De plus, dans la vision classique des choses qui a longtemps dominé les esprits, le
gouvernant, seul acteur reconnu de la politique entre les nations, était facilement habilité à
trancher seul les problèmes de morale internationale. Dès qu'il s'agissait de politique
extérieure, le chef d'Etat ou de gouvernement était implicitement investi en tant que
principale instance éthique, seule en mesure de fixer les normes permettant de juger de la
moralité des comportements sur la scène mondiale
. Cette confiscation consentie de
l'éthique internationale a été d'autant plus lourde de conséquences qu'à en croire Hans
Morgenthau, un des auteurs réalistes les plus influents, chez le responsable international la
moralité devait toujours céder la place à la prudence, forme de gestion raisonnable et
pragmatique qui place le souci éthique sous la juridiction souveraine de l'intérêt national
.
Cependant, même affaiblie, l'aspiration à voir s'instaurer un monde meilleur
demeura vivace dans les populations, en particulier dans certains groupes sociaux taraudés
par la quête de l'idéal, comme la jeunesse ou les intellectuels, Les pouvoirs ont
fréquemment cherché à jouer de ces aspirations à la paix, au désarmement, à l'avènement
des droits de l'homme et à la fraternité universelle, mais il n'est point assuré qu'ils les aient
beaucoup suivies.
De fait, un partage fonctionnel des tâches s'est souvent instauré entre les
gouvernants, chargés de gérer le réel et certaines instances jouissant d'une autorité morale
ou religieuse, qui se sont spécialisées dans le rappel à l'ordre éthique des hommes et des
Etats. Certaines organisations internationales, surtout à leurs débuts, puis les titulaires
successifs du trône de Saint-Pierre ont, par exemple, exercé un magistère éthique
remarquable mais généralement relégué à distance respectable de la politique mondiale
réelle. Plus récemment encore, des organisations internationales non-gouvernementales
d'un type nouveau se sont multipliées et développées en parvenant à mobiliser un grand
nombre de personnes dans des croisades modernes dédiées à la défense des droits de
l'homme ou à la promotion des interventions humanitaires partout dans le monde. De
même, des mouvements sociaux moins organisés et peu institutionnalisés font
régulièrement irruption dans le jeu politique international pour faire valoir des exigences
éthiques au moins autant que politiques, comme l'ont fait dans la plupart des pays
d'Europe, au début des années 80, les mouvements de la paix qui entendaient s'opposer au
déploiement de nouveaux vecteurs nucléaires à l'Ouest.
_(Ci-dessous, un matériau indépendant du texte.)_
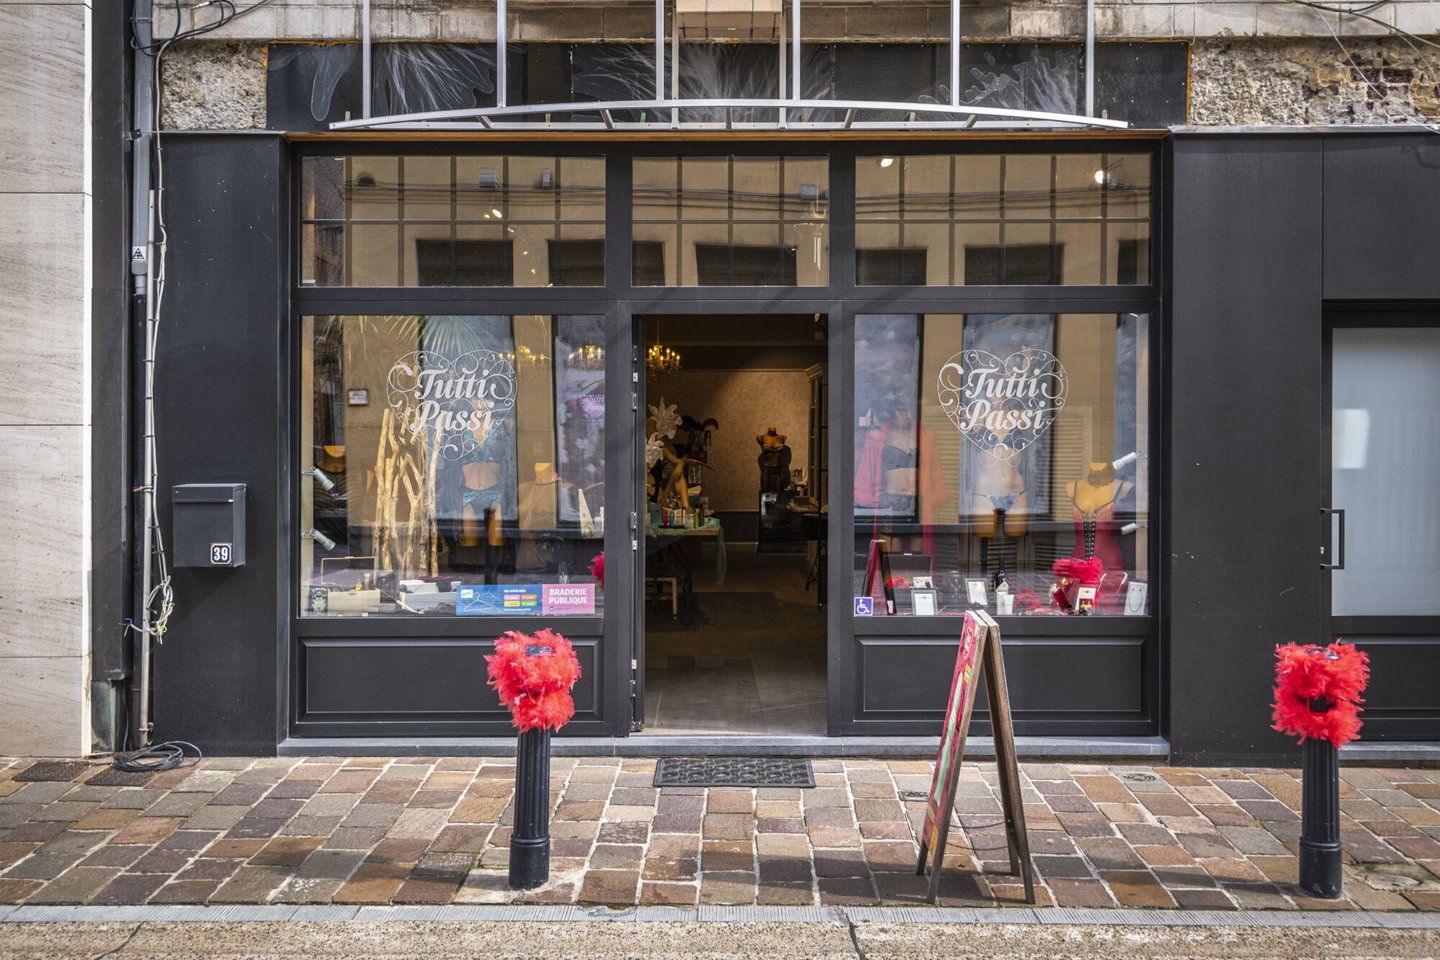 Etalage van lingeriewinkel De Prikkelshop Tutti Passi in Gent

Voir notamment Carr (Edward H.), The Twenty Years' Crisis. 1919-1939, Londres,
Macmillan, 1949 (première édition : 1939).
Cette perception commune a été théorisée. Voir sur ce point la contribution de Giesen
(Klaus-Gerd), in Girard (Michel), (dir.), Les individus dans la politique internationale, Paris,
Economica, 1993, chapitre 1.
Voir Morgenthau (Hans), Politics among Nations. The Struggle for Power and Peace, New
York, Alfred Knopf, 1978 (première édition : 1948).